### Given information:
# # # # # # #
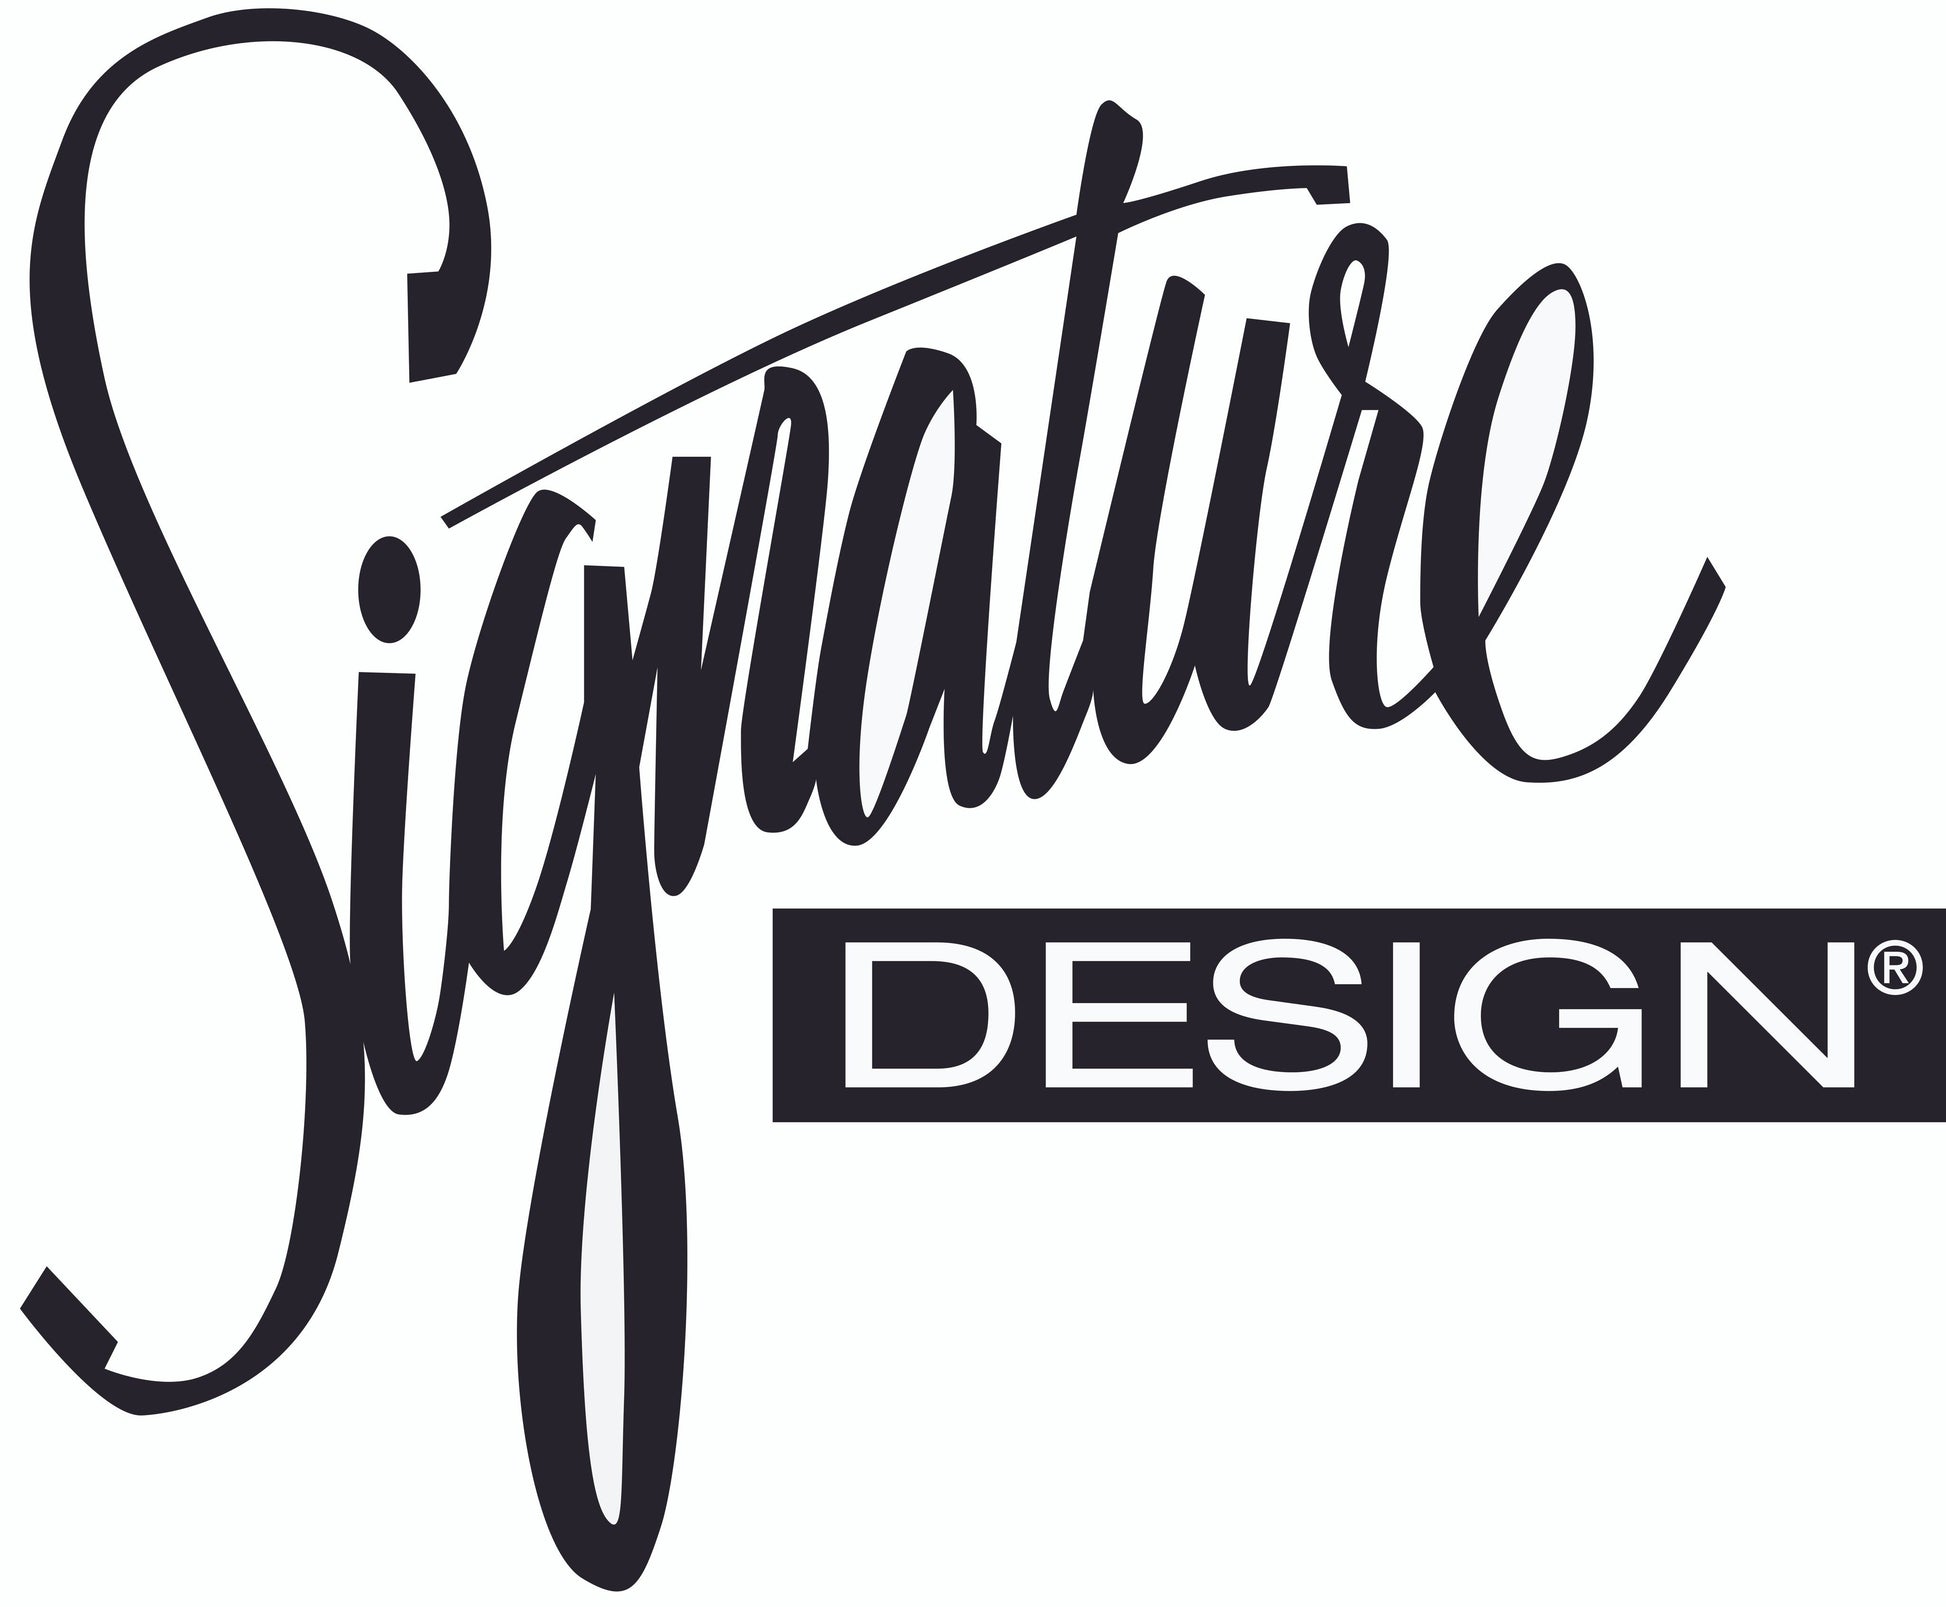 Socalle Five Drawer Chest Signature Design by Ashley®
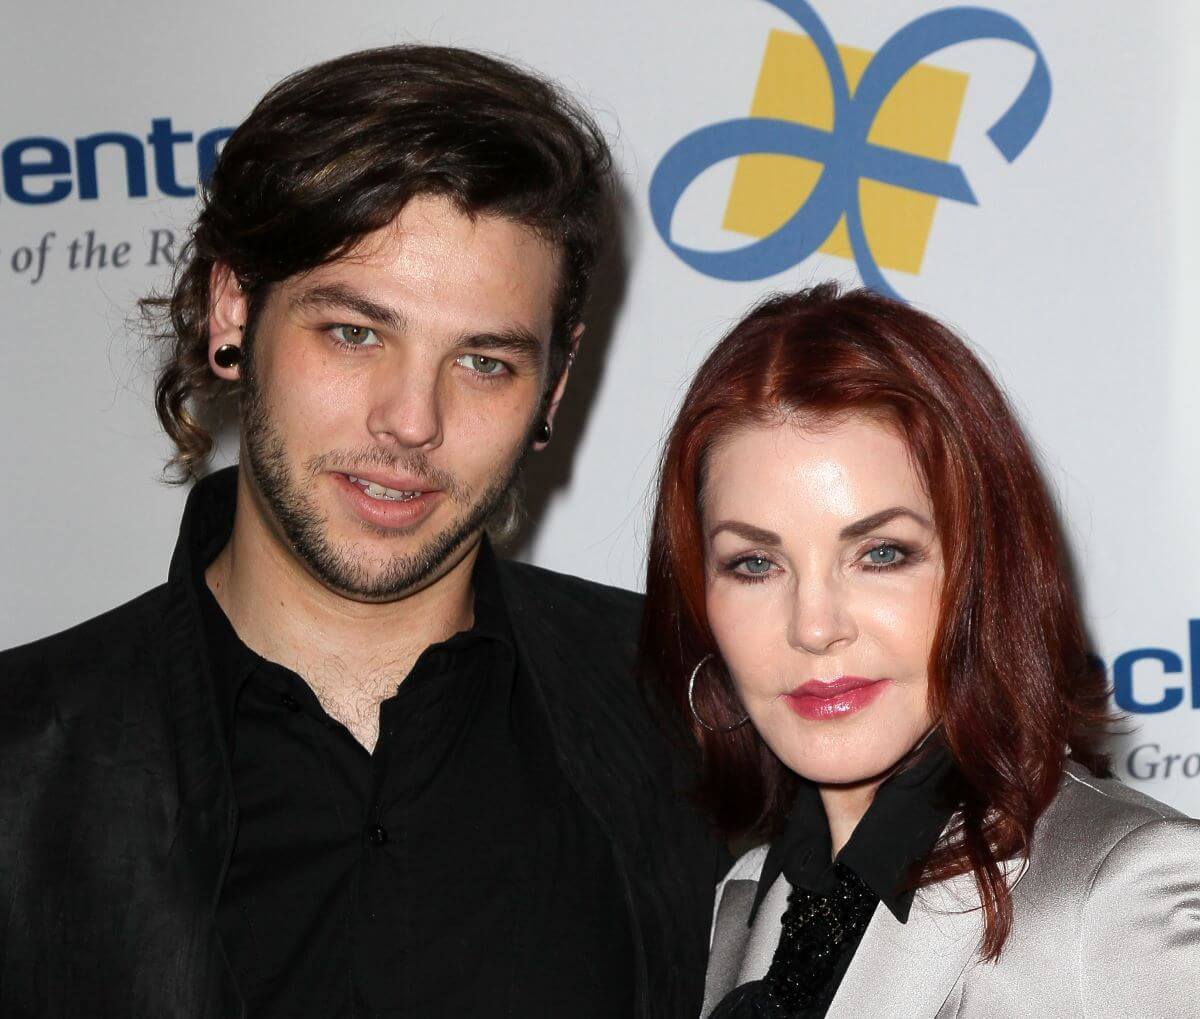 Priscilla Presley wears a silver jacket and stands with her son Navarone Garvia, who wears a black shirt.
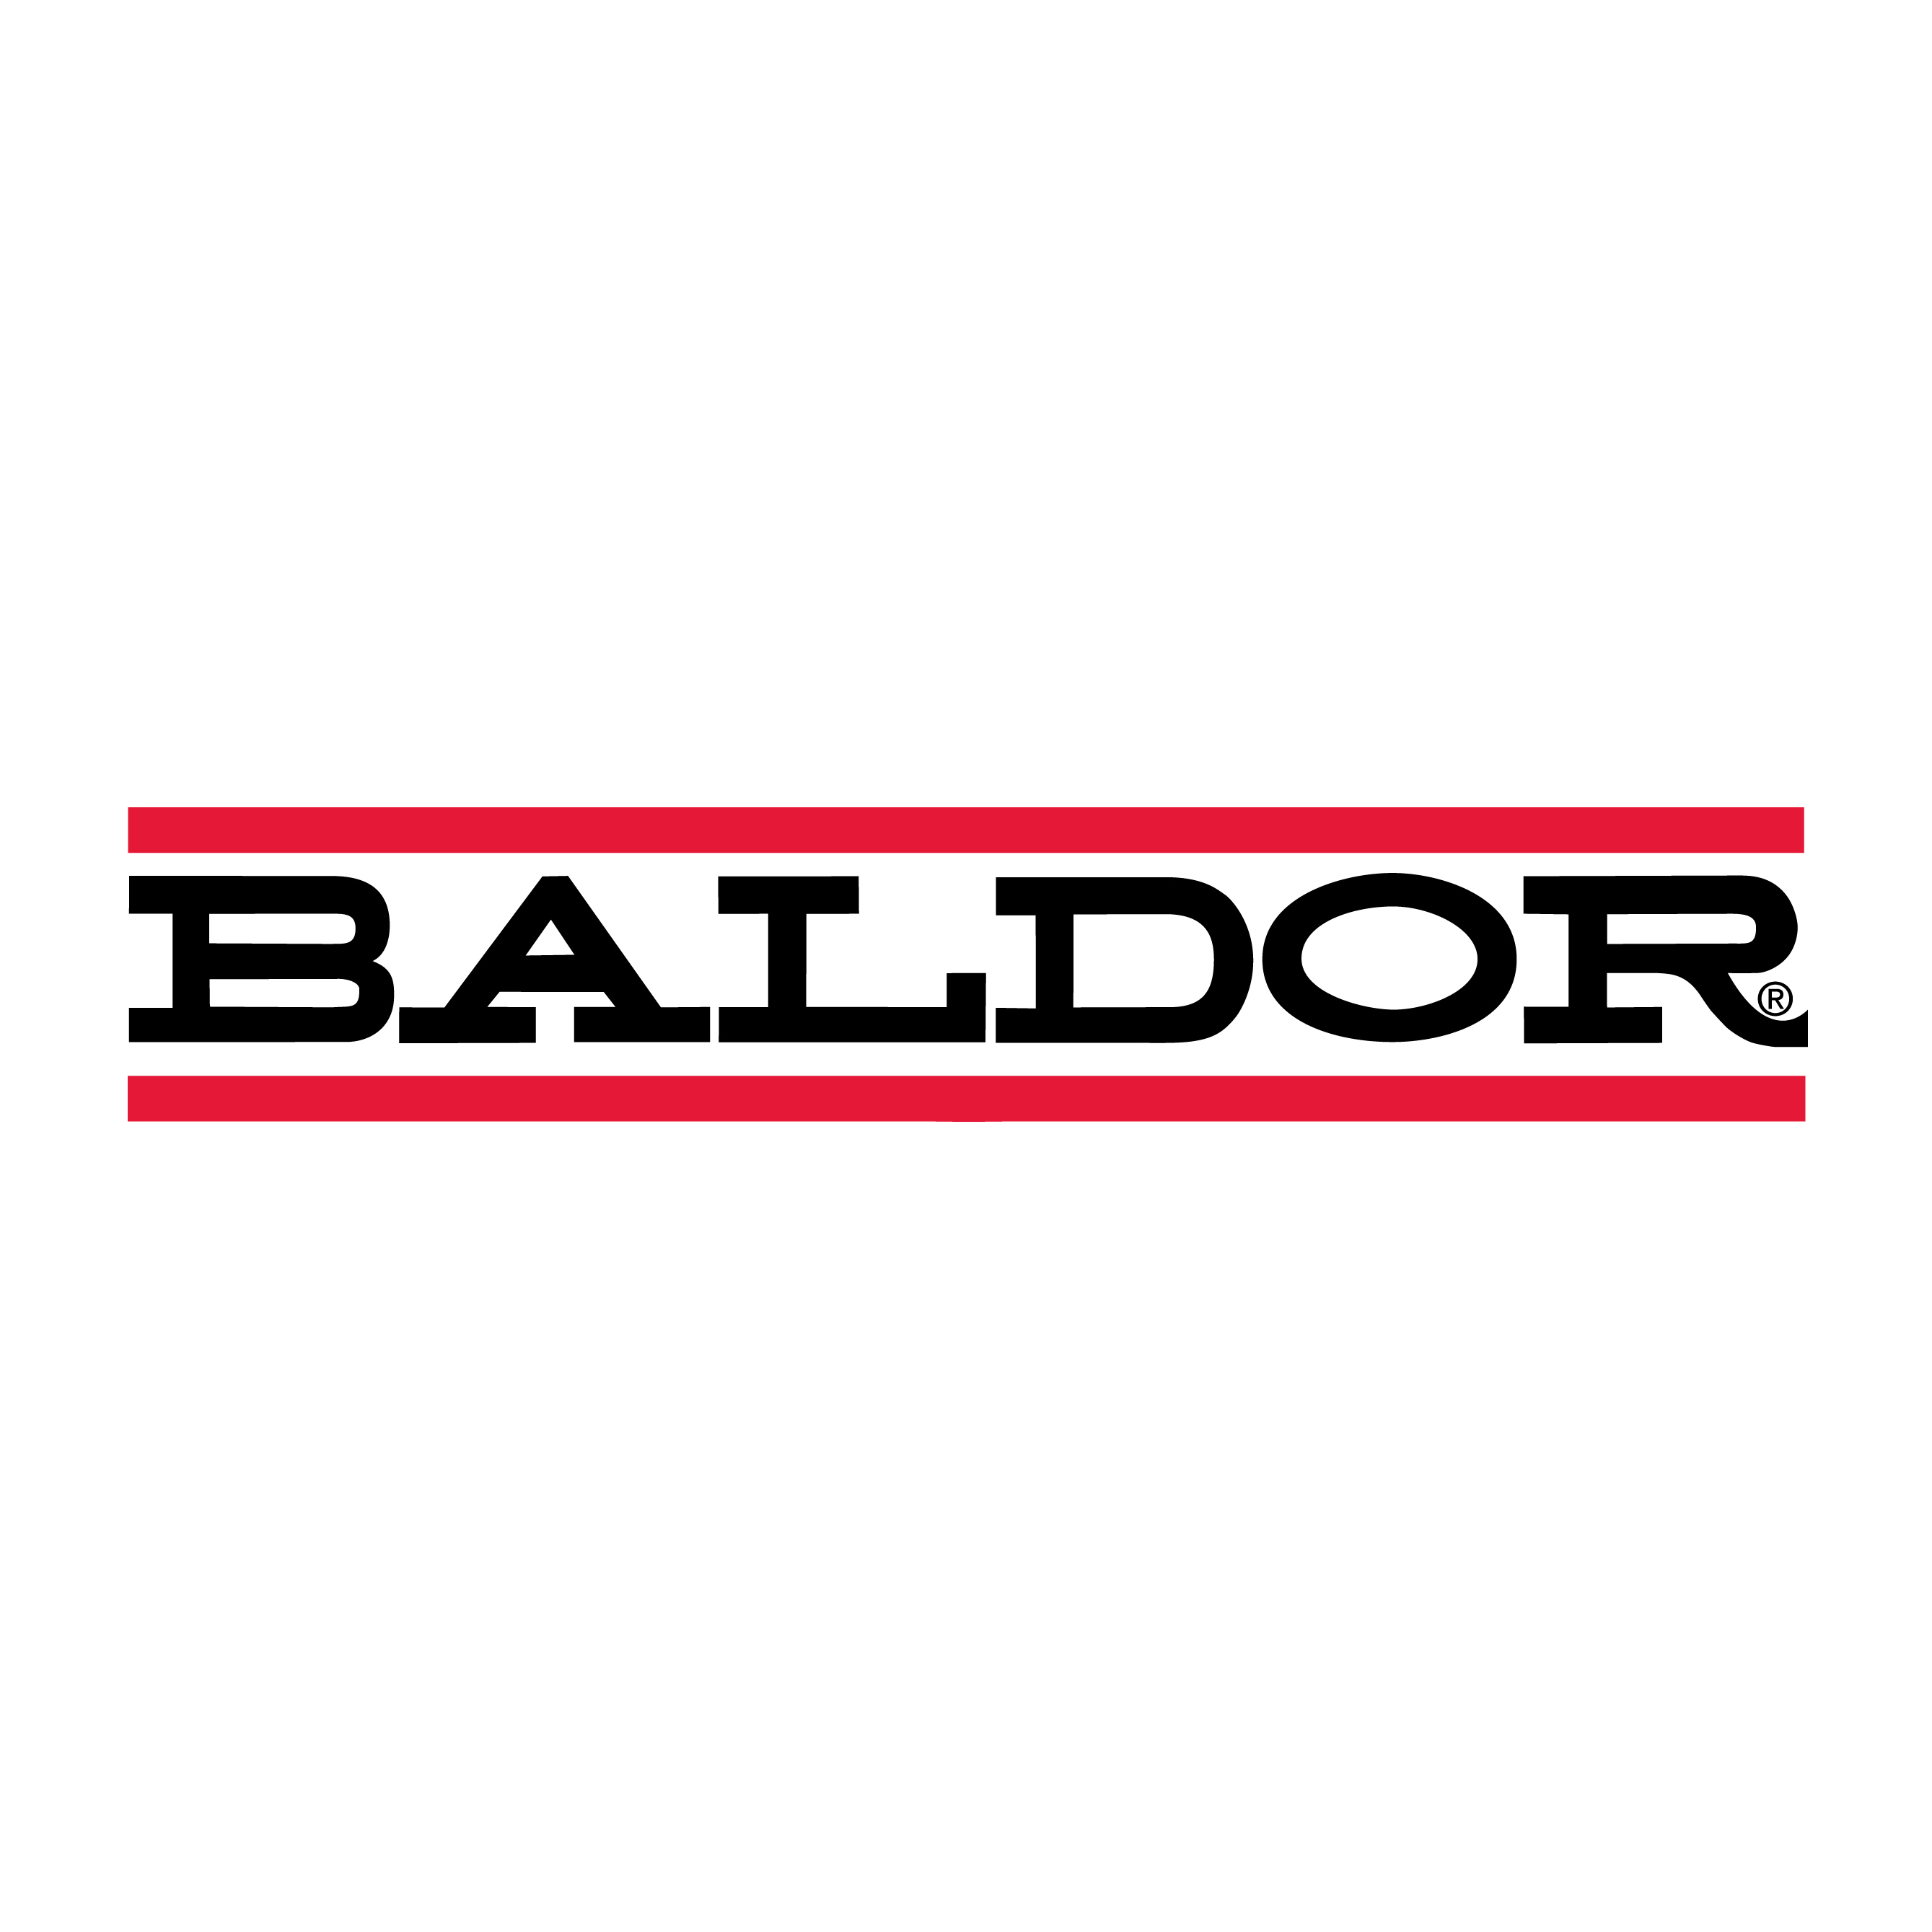 Details about   NEW BALDOR RELIANCE 413412-1A  4134121A SUBMERSIBLE PUMP ELECTRODE FITTING P2595
# # # # # # #
### To do:
Please copy the lines above exactly as written, apart from any pictures.

### Problem solution:
 Socalle Five Drawer Chest Signature Design by Ashley®
 Priscilla Presley wears a silver jacket and stands with her son Navarone Garvia, who wears a black shirt.
 Details about   NEW BALDOR RELIANCE 413412-1A  4134121A SUBMERSIBLE PUMP ELECTRODE FITTING P2595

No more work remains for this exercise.